GNAPs is a telecommunications corporation that provides, or is authorized to provide, telecommunications sendees in various states. In the instant case, GNAPs sought to enter Verizon’s local telephone market by negotiating an interconnection agreement with Verizon. After negotiations between the parties regarding the interconnection agreement faded, GNAPs pursued its administrative remedies before the New Jersey Board of Public Utilities (the “BPU”). This case arises out of the arbitration between GNAPs and Verizon, and the aftermath of the proceedings.

The following represents a summary of the relevant background and facts gleaned from GNAPs’s Complaint and the parties’ submissions on Verizon’s Motion for Judgment on the Pleadings.
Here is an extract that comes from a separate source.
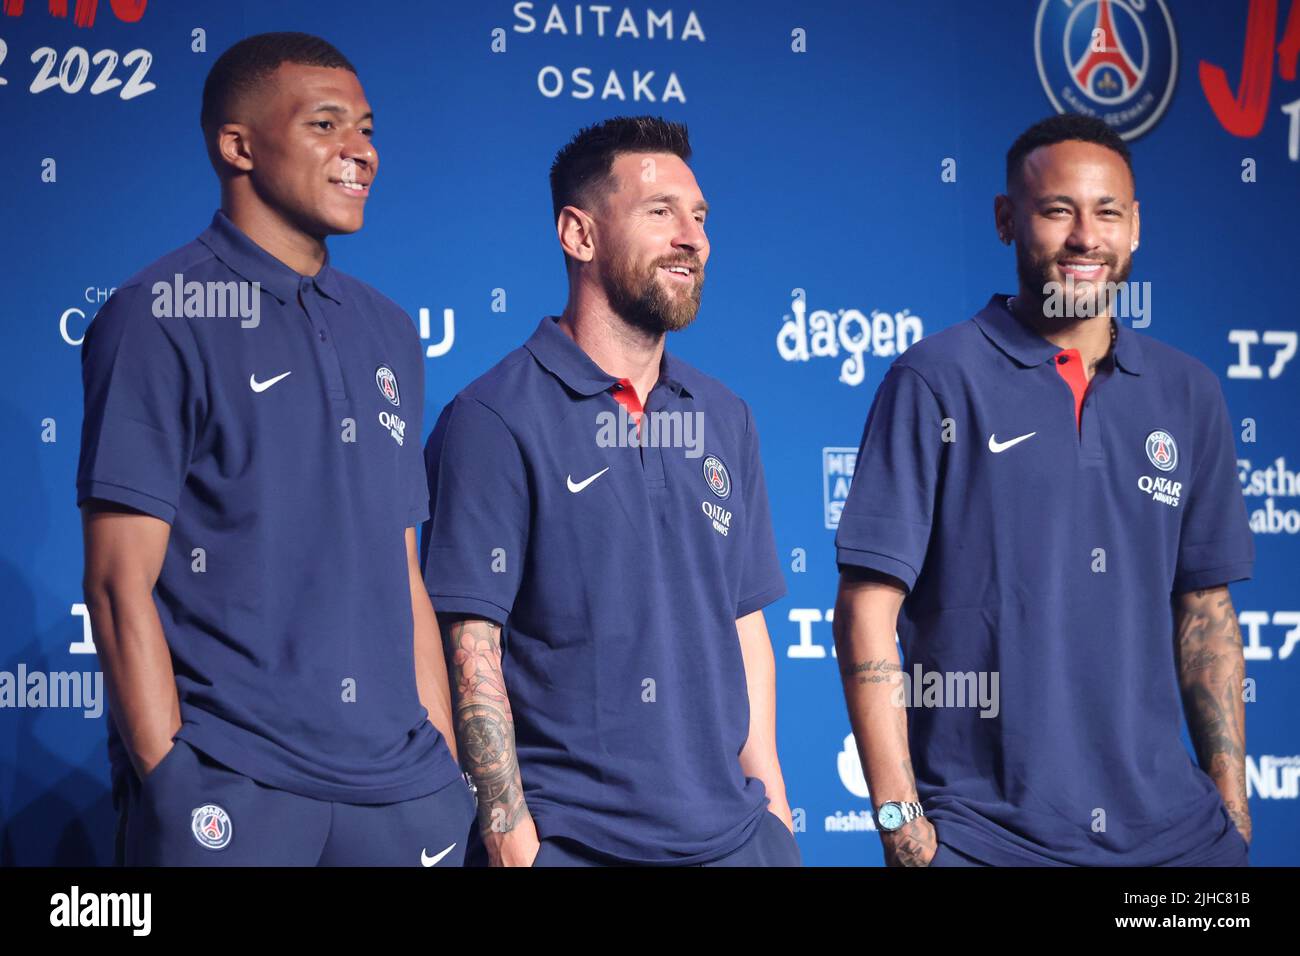 Tokyo, Japan. 17th July, 2022. (L-R) French football club team Paris Saint-Germain star players Kylian Mbappe, Lionel Messi and Neymar Jr pose for photo at a press conference upon their arrival in Tokyo on Sunday, July 17, 2022. Paris Saint-Germain will have Japanese club teams Kawasaki Frontale, Urawa Reds and Gamba Osaka for their Japan tour. Credit: Yoshio Tsunoda/AFLO/Alamy Live News Stock Photo

I. The Telecommunications Act of 1996

Congress passed the Telecommunications Act of 1996 (“the 1996 Act”), Pub.L. No. 104-104, 110 Stat. 56 (1996) (codified at scattered sections of 47 U.S.C.), to promote competition in the telecommunications industry, including the previously monopolized local telephone markets. See Telecommunications Act of 1996, Pub.L. No. 104-104, 110 Stat. 56, 56; see also H.R. Conf. Rep. No. 104-458, at 113 (1996), reprinted in 1996 U.S.C.C.A.N. 124; 142 Cong. Rec. S718 (1996) (statement of Sen. Robert Dole ®-Kan.) commenting that the 1996 Act will “provide for a pro-competitive, deregulatory national policy framework designed to accelerate rapid private sector deployment of advanced telecommunications and information technologies and services to all Americans by opening all telecommunications markets to competition”.

To support the goal of increased competition, the 1996 Act imposes certain obligations on incumbent local exchange companies (“ILECs”). These obligations are *535 designed to allow new entrants, known as competitive local exchange companies (“CLECs”), to use some or all of the ILECs’ established networks to offer competitive local telephone service.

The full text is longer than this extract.